*What to do*:
Look through the entries below and copy exactly the part that begins with the line containing "Fasthouse Classic Outland" and ends with the line containing "Birth-ease Birth Ball review". Do not copy the pictures.

*Data section*:
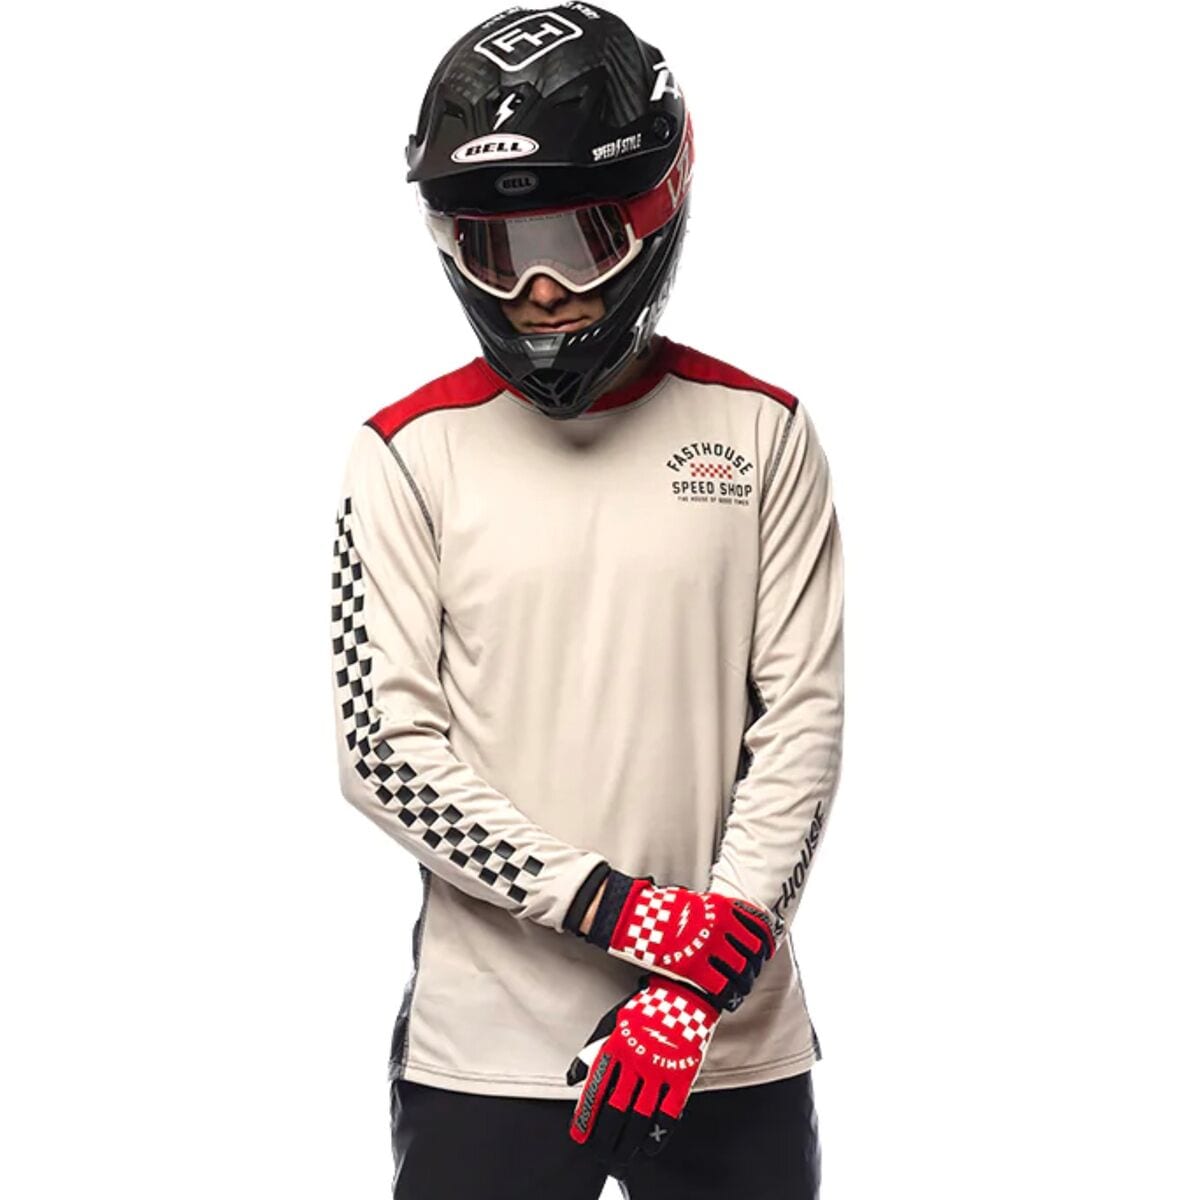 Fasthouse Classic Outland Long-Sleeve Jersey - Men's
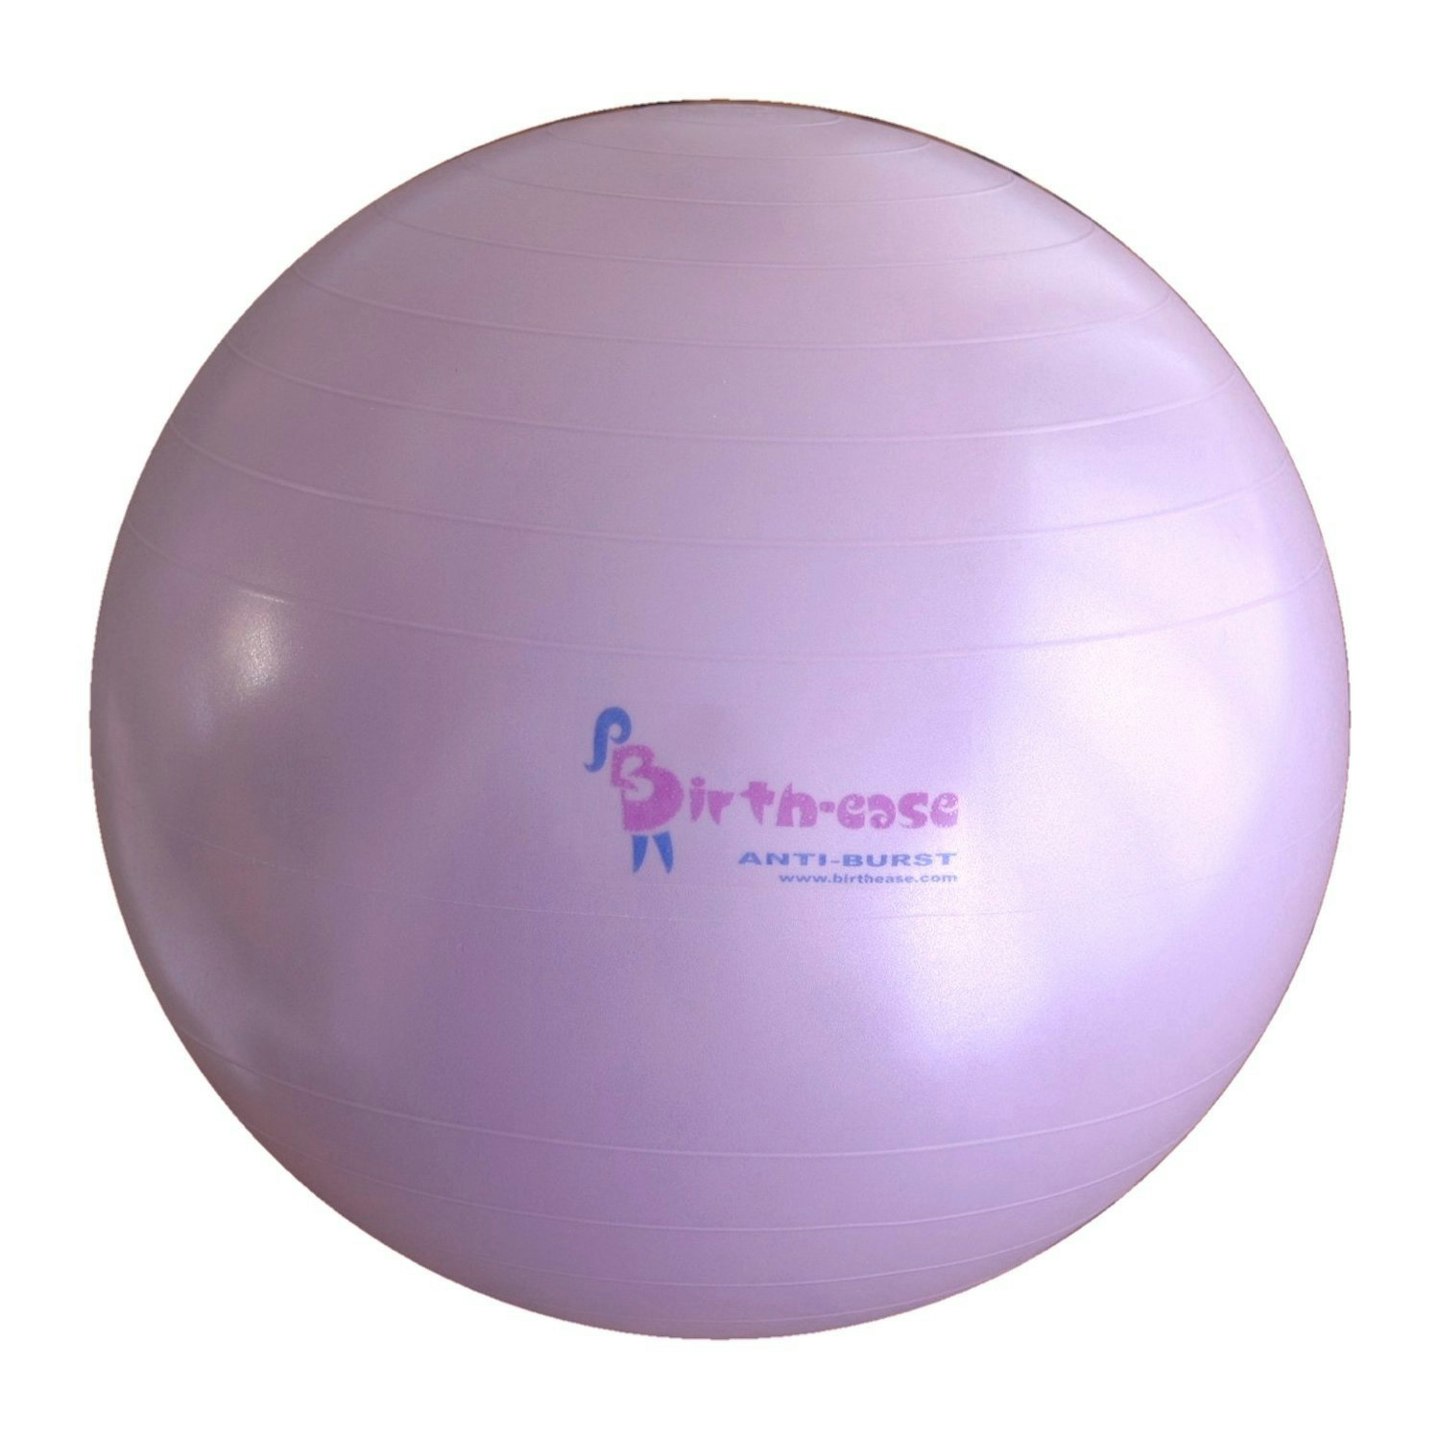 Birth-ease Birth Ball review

==

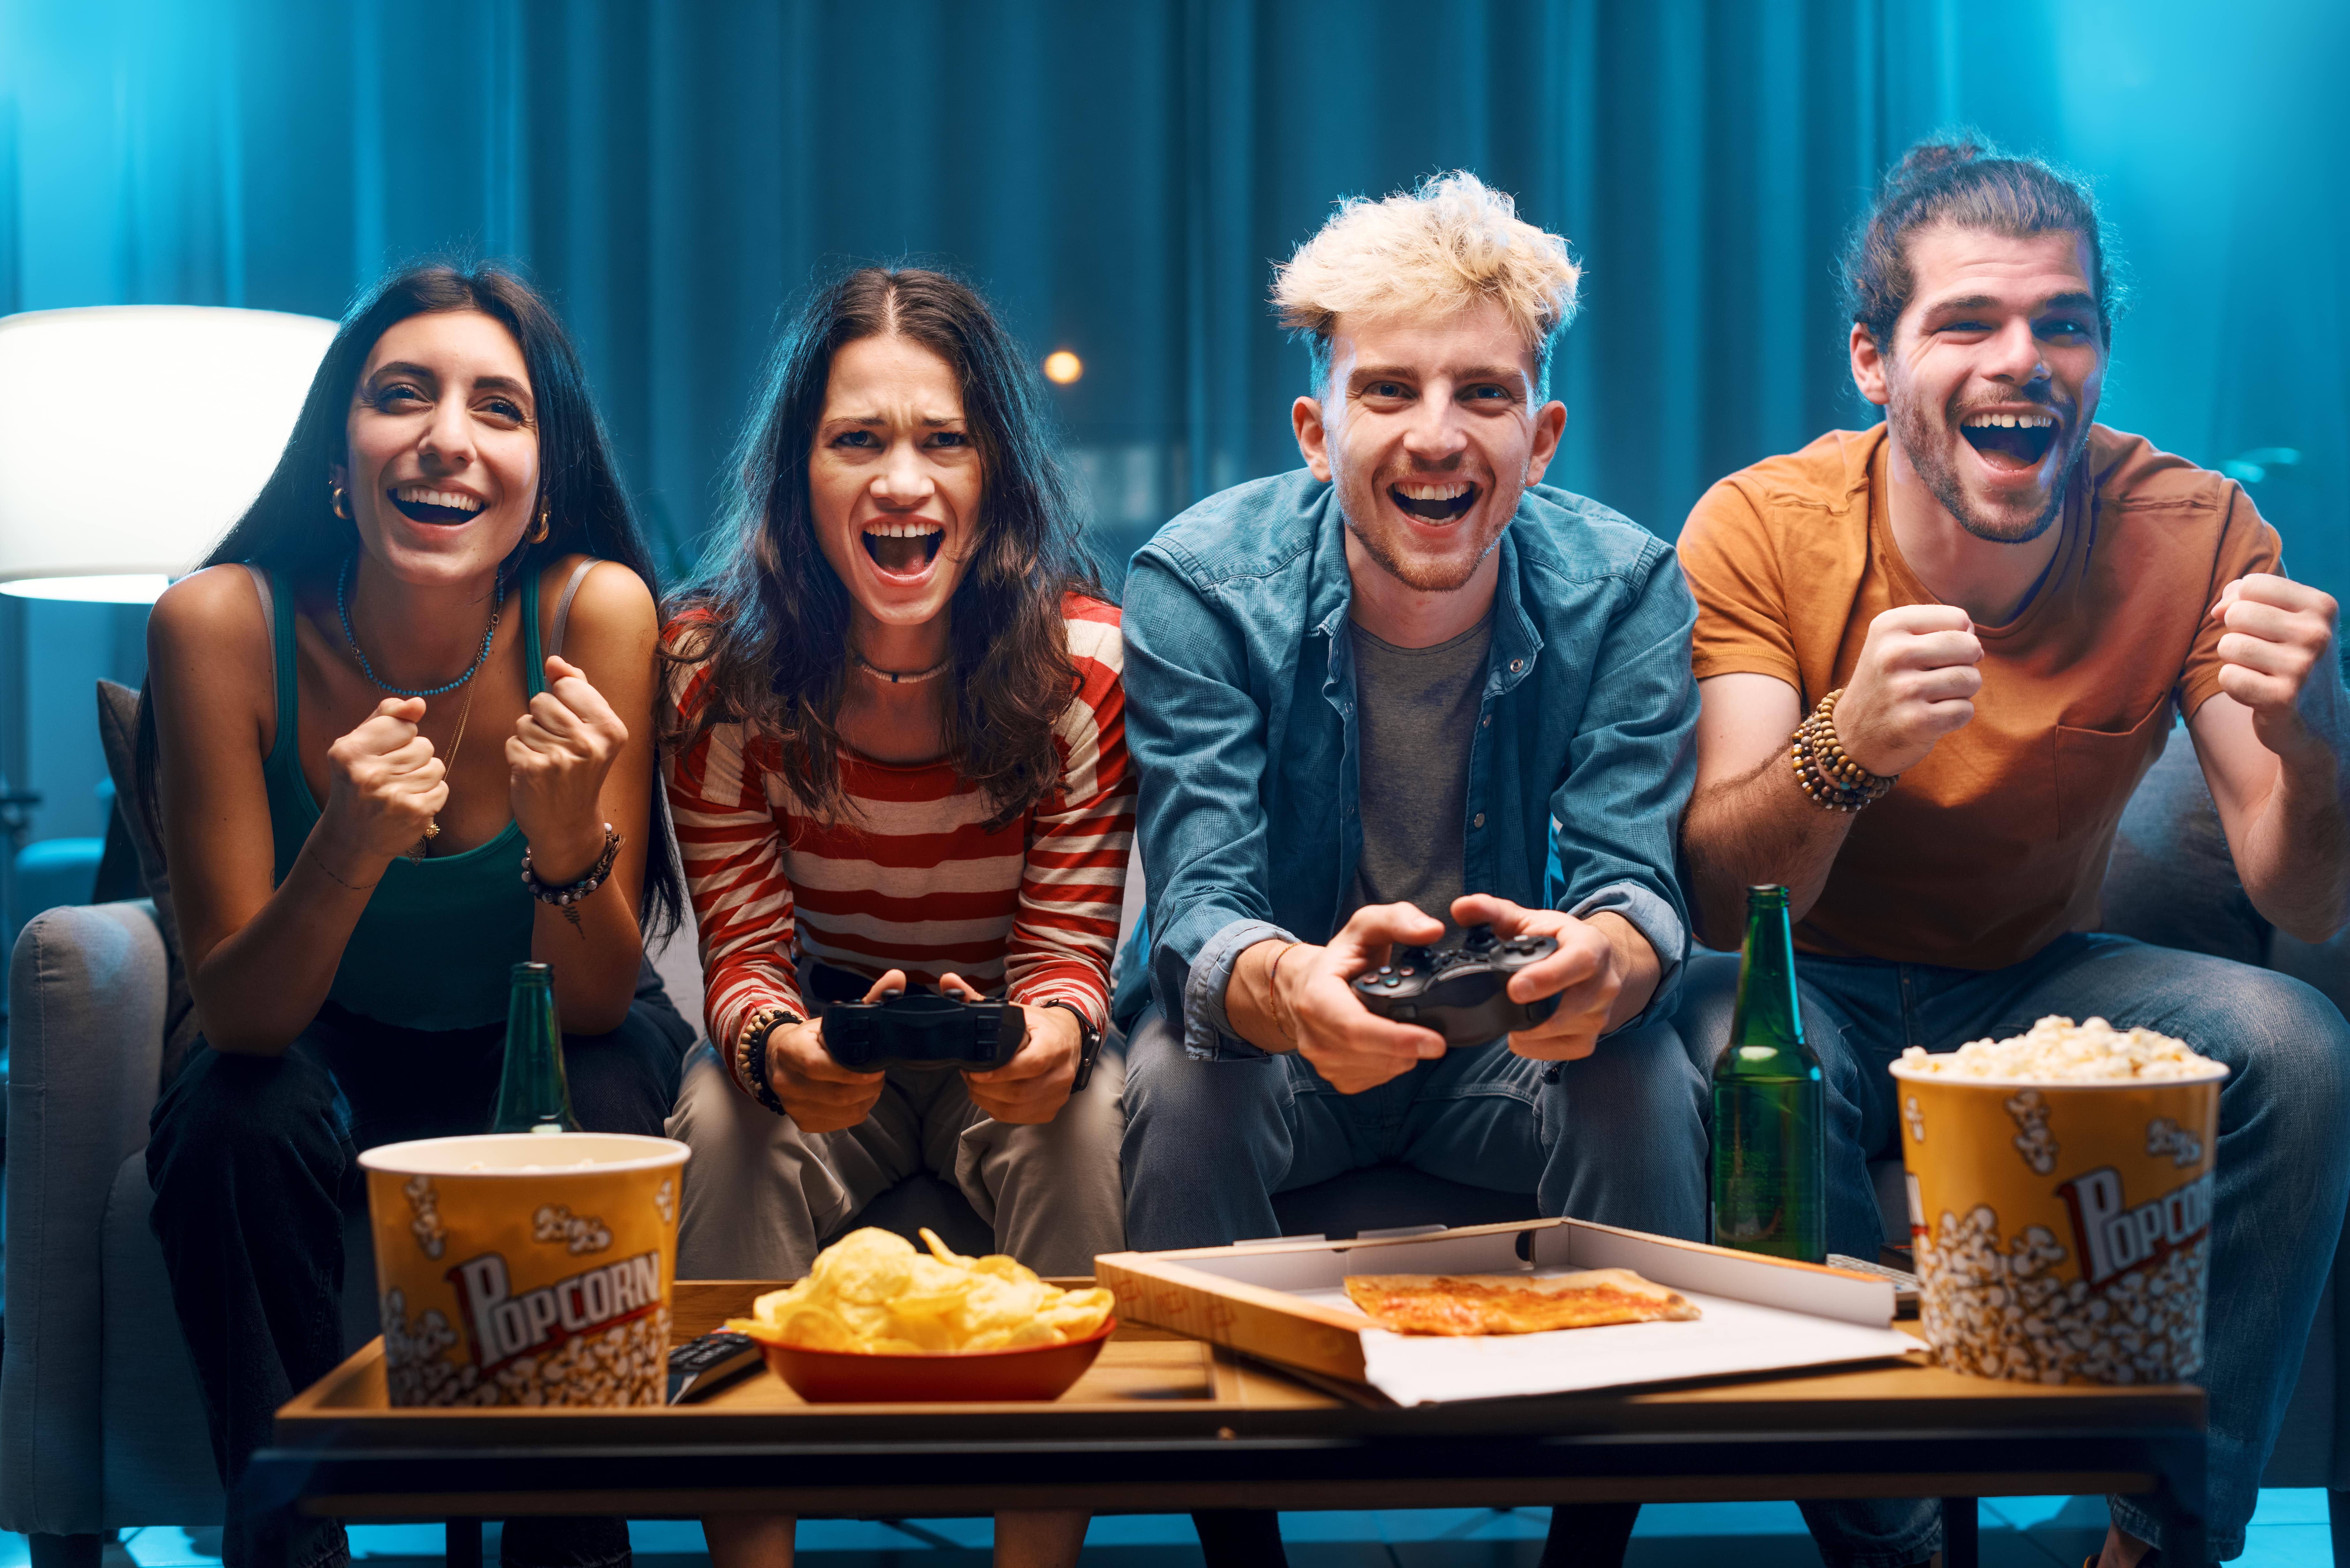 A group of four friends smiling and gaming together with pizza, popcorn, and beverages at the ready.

* * *

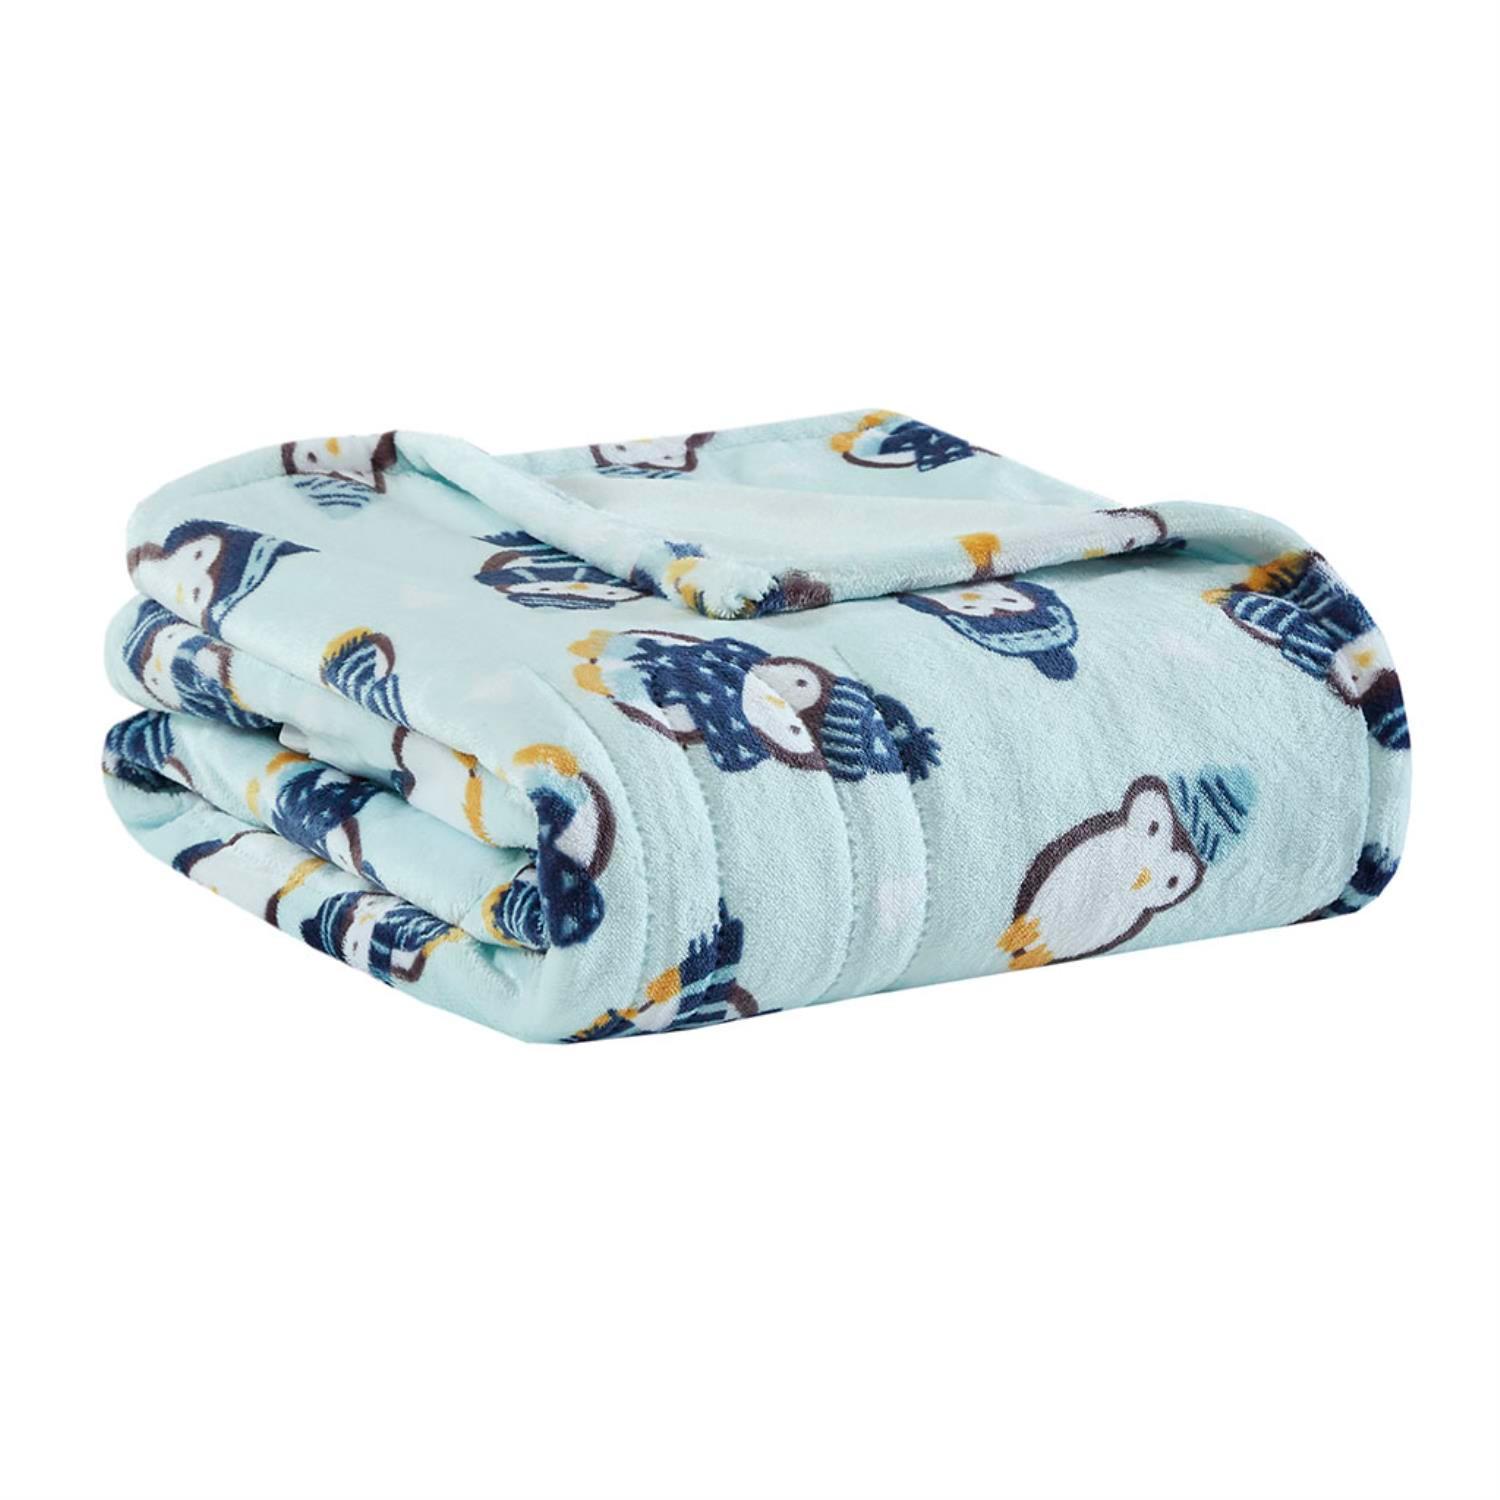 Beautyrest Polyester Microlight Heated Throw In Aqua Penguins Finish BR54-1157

*Task output*:
 Fasthouse Classic Outland Long-Sleeve Jersey - Men's
 Birth-ease Birth Ball review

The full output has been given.